Am I wise to mention my treatment to-date in a critical manner or would I be treading on dangerous medical ground? Do medics stick together?

Any thoughts on how I should approach the consultation regarding my desired outcome i.e. a more frequent dosage of Estradiol.

Should I/could I mention any of the documents that posters like Ayesha have put links to, or would that be a bad idea?

Anything else I should/ shouldn't do?

I've been very stiff upper lip previously during my appointments, as women often are, but now my lip feels very wobbly indeed. Should I let it all out at the appointment or will I just come over as some unhinged woman of a certain age?

I'll be very grateful for any input.
Logged

sheila99

  • Member
  • *
  • Posts: 6014

Any menopause specialist will be well used to unhinged women of a certain age! But really, you've been refused appropriate treatment and they're ok with you being in pain when you don't have to be - how else so they expect you to react? It's very likely the specialist will have seen many women in your situation and will be sympathetic. She is there to help you whereas for the NHS cost seems to be a higher priority than women's wellbeing. I've been refused adequate va treatment on the NHS so have gone private too.
Logged

Sunnyangel

  • Member
  • *
  • Posts: 37

Thanks Sheila99- I hope it works out as well for me as it has for you. This whole situation is making me feel very, very anxious and stressed which is probably not helping my physical state.
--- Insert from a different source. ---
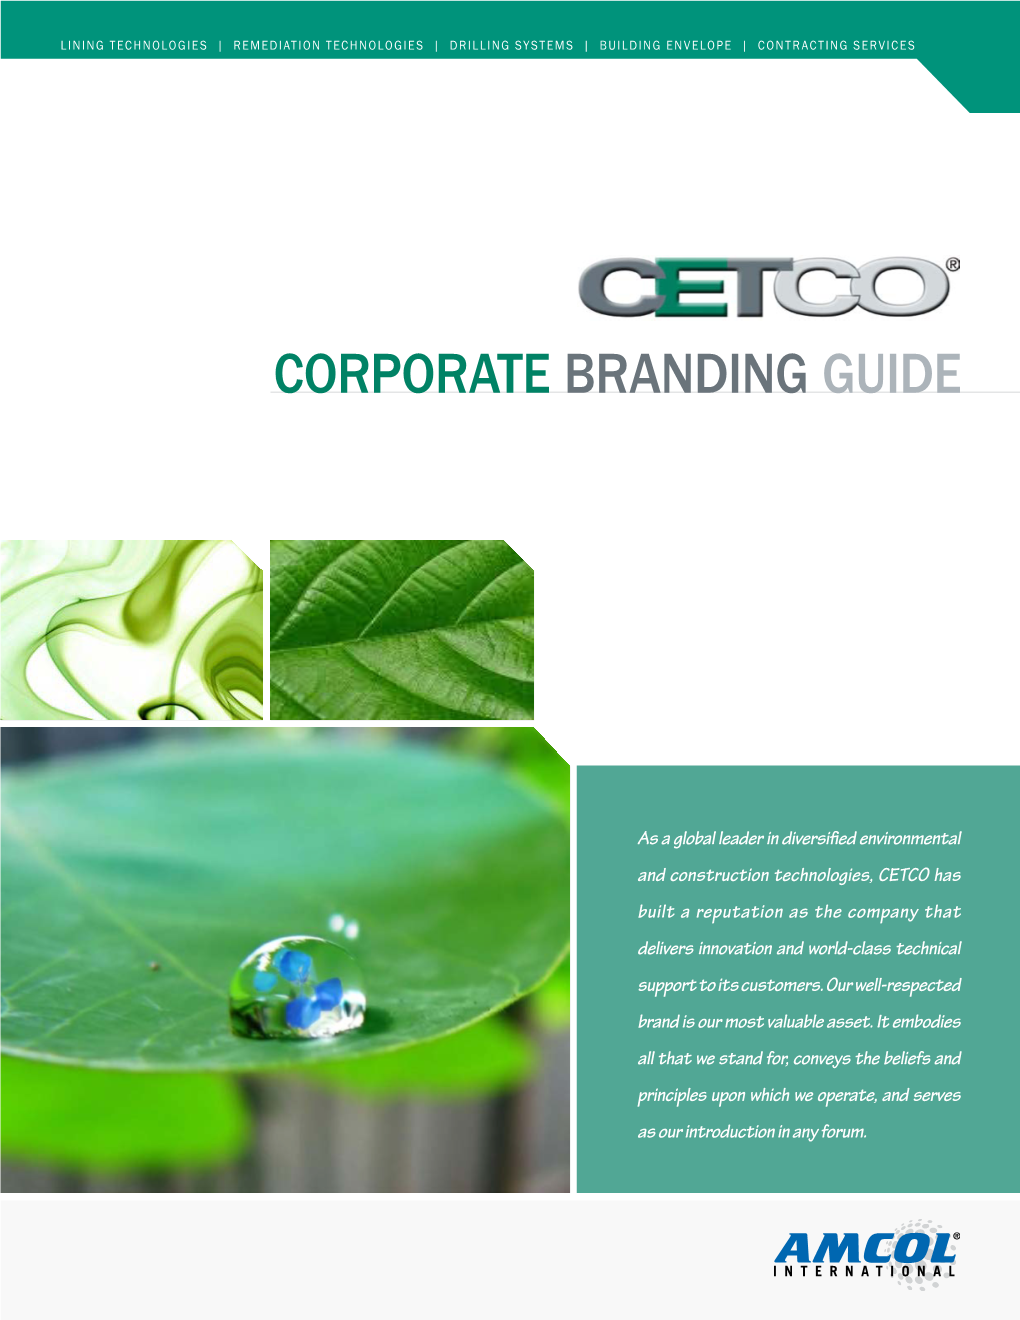 Corporate Branding Guide

Fingers crossed for a positive experience.
Logged

Ayesha

  • Member
  • *
  • Posts: 1737

Go there and speak your mind, tell them you are being refused the extra treatment required to control your symptoms and the reason you are there.
Its either your GP's are ill informed or they are just thinking about costs. Vagifem pessary was a higher dose years ago but its now lower and deemed ok to increase up  to five pessaries a week if needed. I personally use every day like a lot of women plus Estriol for the outside with no trouble from my surgery, or the one previous to that.
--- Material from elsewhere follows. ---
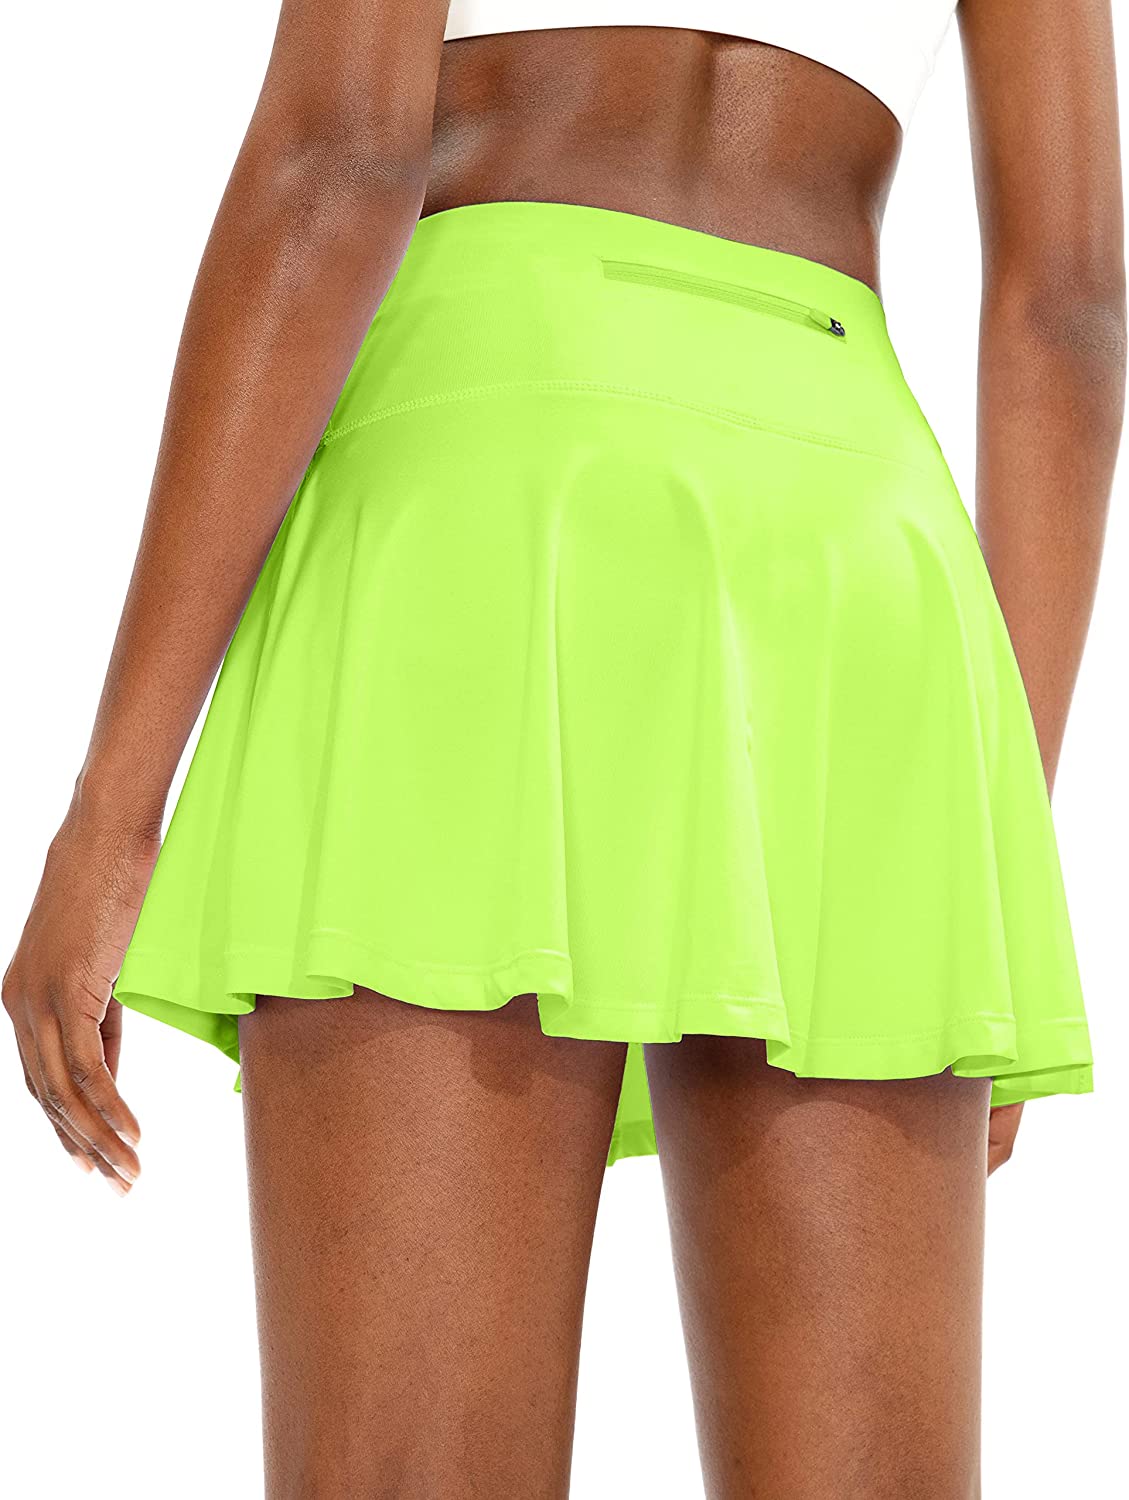 SANTINY 16 Golf Skorts Skirts for Women Zipper Pockets Women's High  Waisted Tennis Skirt Athletic Skort

There is no reason why you can't say to them what you have learned from doing your own research and quoting what you have read in the BSSM Position Statement.
I have a feeling they will be sympathetic to your plight.


 
Logged

Jules

  • Member
  • *
  • Posts: 302

I think it's that there's no directive given to GPs to ensure parity. It shouldn't matter which surgery we have to use, we should expect the same standards. I don't know what I'd do if my GP surgery started limiting my supply. They used to but then relaxed their opinion. If some of us are given BP meds or statins to prevent future illness why is it any different with treatment for menopause. I hope you are listened to
Logged

Sunnyangel

  • Member
  • *
  • Posts: 37

Thank you Ayesha and Jules.
It is an interesting point about how there should be parity of treatment no matter which surgery we use. How can these decisions be based on evidence and medical best practice if women presenting with similar problems have such different outcomes and treatments?Some women are left in pain and discomfort, others are given treatment which enables them to resume a normal life. It does make me wonder if it is simply down to costs? Excellent point too about preventative statins. Women are being penalised for trying to optimise their health and last time I looked, the amount of oestrogen you produce isn't really something you can have any control over, unlike certain other medical issues such as BP issues where lifestyle choices may have some impact- for some people at least.
Logged

Jules

  • Member
  • *
  • Posts: 302

Exactly. My GP told me my BP readings would be ok in America but in this country they get people on meds in the hope of saving money down the line. So do they not think the same applies to menopause? What would happen if we were walking around with burning and god knows what between our legs when so many older women now have to work, or provide free childcare for grandchildren and/or care for older parents. At my age,my grandma had none of those demands, she was being looked after by my 42 year old mum. I'm dashing around like a rabied dog so I expect to be supported by my GP in staying fit to do it.